Records supplied —
..........
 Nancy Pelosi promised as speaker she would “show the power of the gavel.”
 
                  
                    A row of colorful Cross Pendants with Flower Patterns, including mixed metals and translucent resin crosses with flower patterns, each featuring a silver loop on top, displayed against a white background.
..........
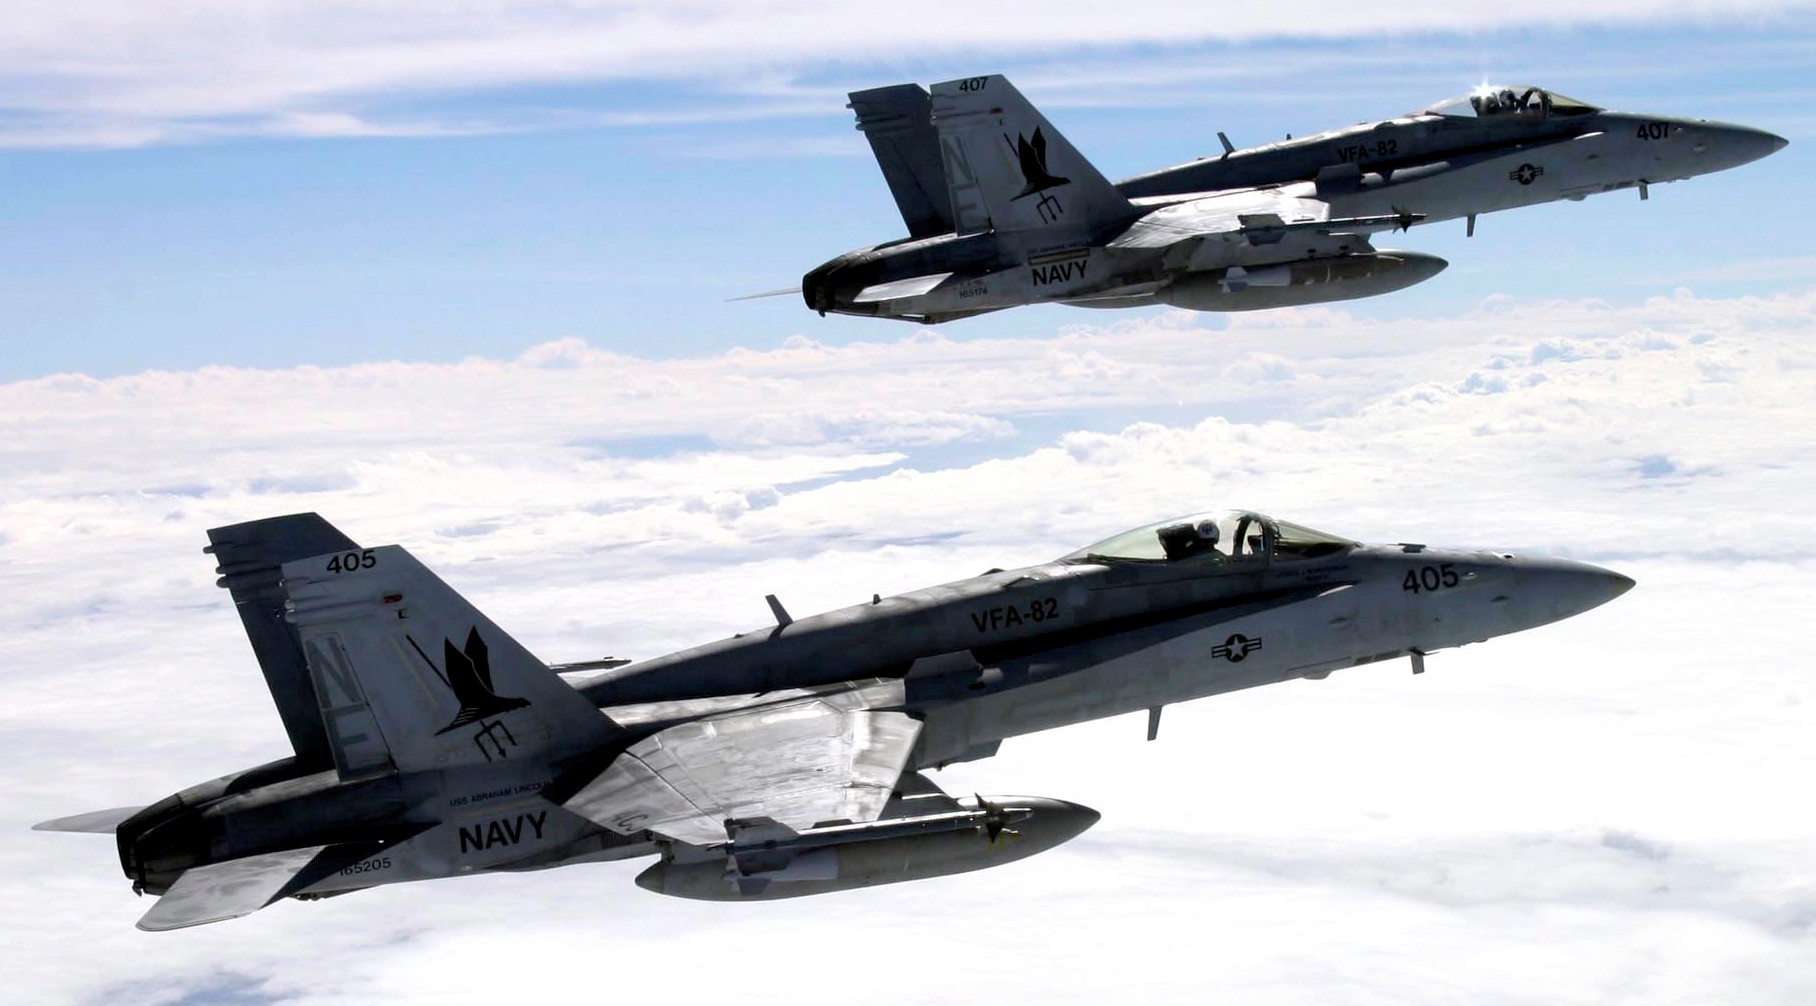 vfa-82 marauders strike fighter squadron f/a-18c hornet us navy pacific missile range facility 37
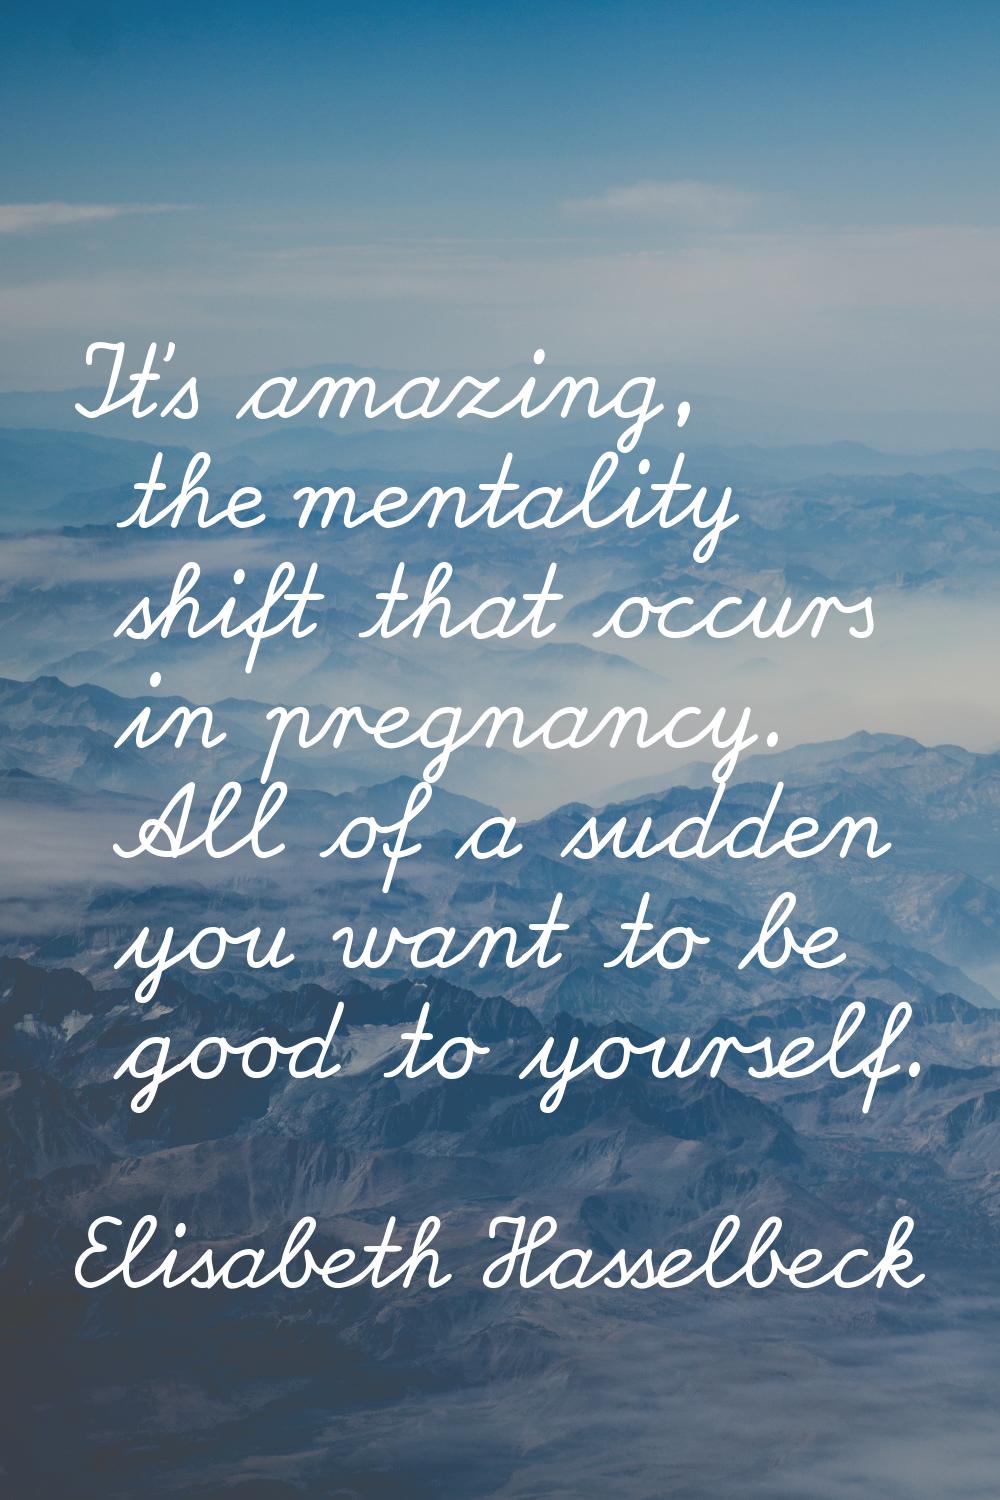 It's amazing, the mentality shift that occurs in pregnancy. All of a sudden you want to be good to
..........
Taking the material above, give again exactly the lines from the one holding "vfa-82 marauders strike" through the one holding "It's amazing, the", with both ends and without pictures.

Your response —
 vfa-82 marauders strike fighter squadron f/a-18c hornet us navy pacific missile range facility 37
 It's amazing, the mentality shift that occurs in pregnancy. All of a sudden you want to be good to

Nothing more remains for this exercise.